The episodes could have been accompanied by varying degrees of paresthesia, numbness, or pain. Patients were also asked to complete a self-reported questionnaire which enquired about the fingers affected by RP, the colour changes, and visual analogue scales (VAS) to assess pain, discomfort, and severity of RP. Full medical history (e.g., current drug treatment, exposure to toxic agents, occupational history, and family history) and symptoms pointing to an underlying CTD (e.g., pitting scars, gangrene, sclerodactyly, photosensitivity, rashes, telangiectasias, orogenital ulcers, xerophthalmia, episcleritis, scleritis, uveitis, arthralgias, arthritis, myalgia, muscle weakness, fatigue, serositis, dyspnea, pulmonary fibrosis and/or hypertension, heart ischemia, conduction disturbance, nephrotic syndrome, glomerulonephritis, leukopenia, anemia, thrombocytopenia, xerostomia, dysphagia, esophageal hypomotility, or neuropathy) were taken. All subjects underwent complete examination with particular focus on digital ulceration, pitting scars, and sclerodactyly.
In both centers, nailfold videocapillaroscopy was performed using equipment with a 200x optical probe, with the images being captured, coded, and stored using Videocap software (DS-Medica, Milano, Italy). All of the recordings were made with the subject in a sitting position, with temperature of 22 to 25°C and with their hands at heart level. The procedure was explained and a drop of immersion oil was applied to the nailfold to maximize the translucency of the keratin layer. In each of the subjects all the fingers of both hands were examined. In each center, the capillaroscopy images were evaluated by an experienced observer (C. M. at the Ospedale Moriggia-Pelascini and R. G. at the University of Milan). Then, all the images were reviewed by a third observer (F. I. at the University of Milan). The agreement among observers was tested in a previous study . For each image, the presence of giant capillaries, neoangiogenesis, microhemorrhages, and avascular areas were evaluated as described previously . The overall capillaroscopy pattern was classified as within the normal range  or as abnormal capillaroscopy pattern when the following capillary abnormalities were present: microhemorrhages, giant capillaries, neoangiogenesis, and decrease in the capillary number .

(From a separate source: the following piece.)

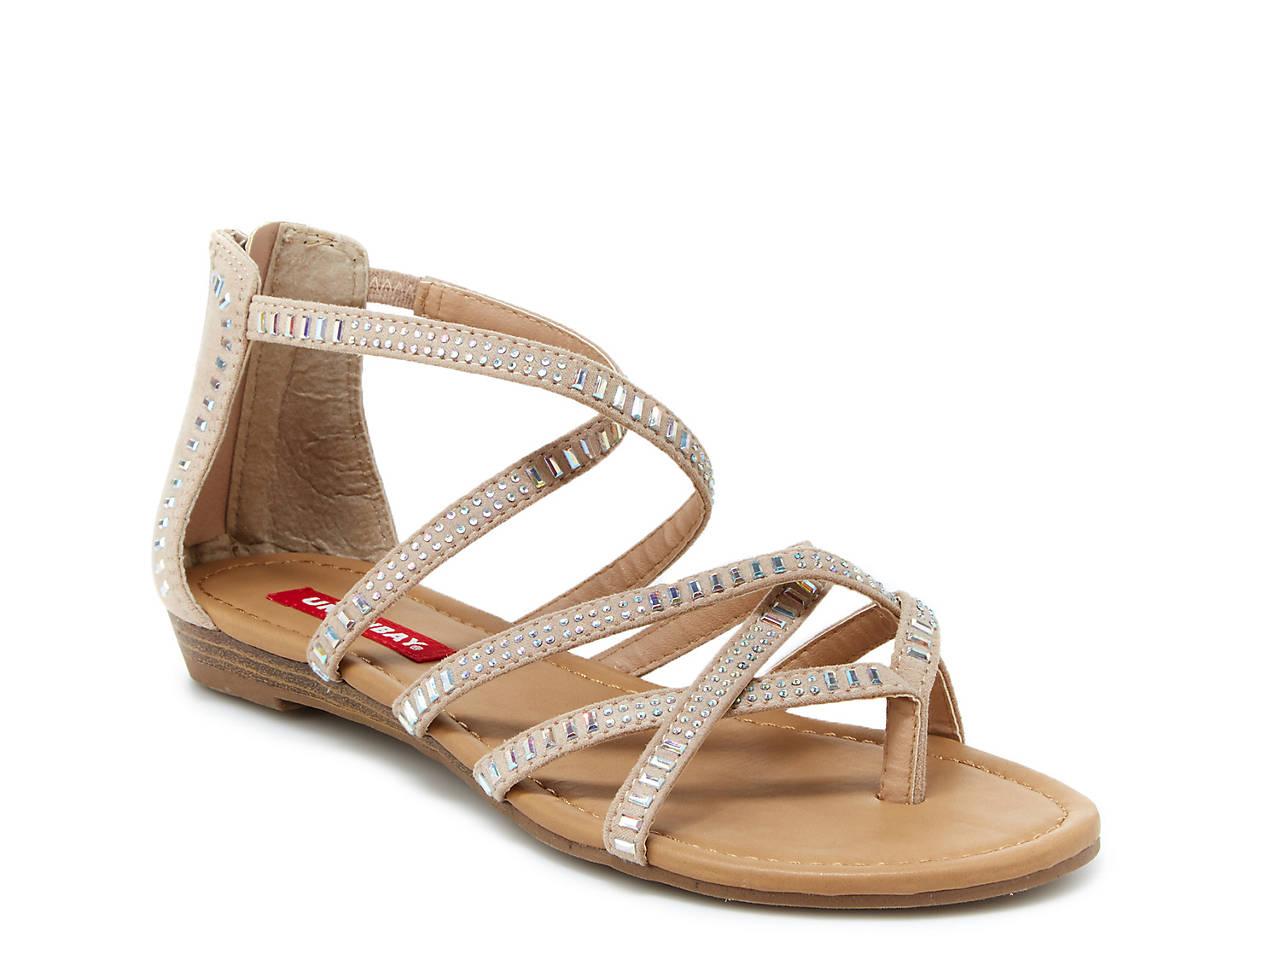 42b5d07116a8 UNIONBAY Soho Gladiator Sandal Women s Shoes

Serum and plasma samples were collected and stored at −80°C until assayed in the same laboratory for anti-nuclear antibodies (ANA) by indirect immunofluorescence on HEp2 cells (Antibodies Inc., Davis CA), considering positive those samples with a dilution ≥1 : 160 ; anti-dsDNA; antiextractable nuclear antigens (anti-ENA). The autoantigens tested for anti-ENA were the following: U1RNP, Sm, Ro52, La, Jo-1, Rib-P, PCNA, Scl-70, CENP, Fibrillarin, RNA Pol III, PM-Scl, and Mi-2 by EliA (ImmunoCap250, Phadia, Freiburg, Germany); Scl-70, CENP A, CENP B, RP11, RP155, FIBRILLARIN, NOR90, TH/T0, PM-Scl100, PM-Scl75, ku, and PDGFR, Ro52 by (DotBlot EUROLINE Systemic Sclerosis EUROIMMUN AG Luebeck, Germany); and Mi2, ku, PM-Scl100, PM-Scl75, Jo1, SRP, EJ, OJ, PL7, PL12, and Ro52 by DotBlot Myositis profile IgG (EUROIMMUN AG Luebeck, Germany).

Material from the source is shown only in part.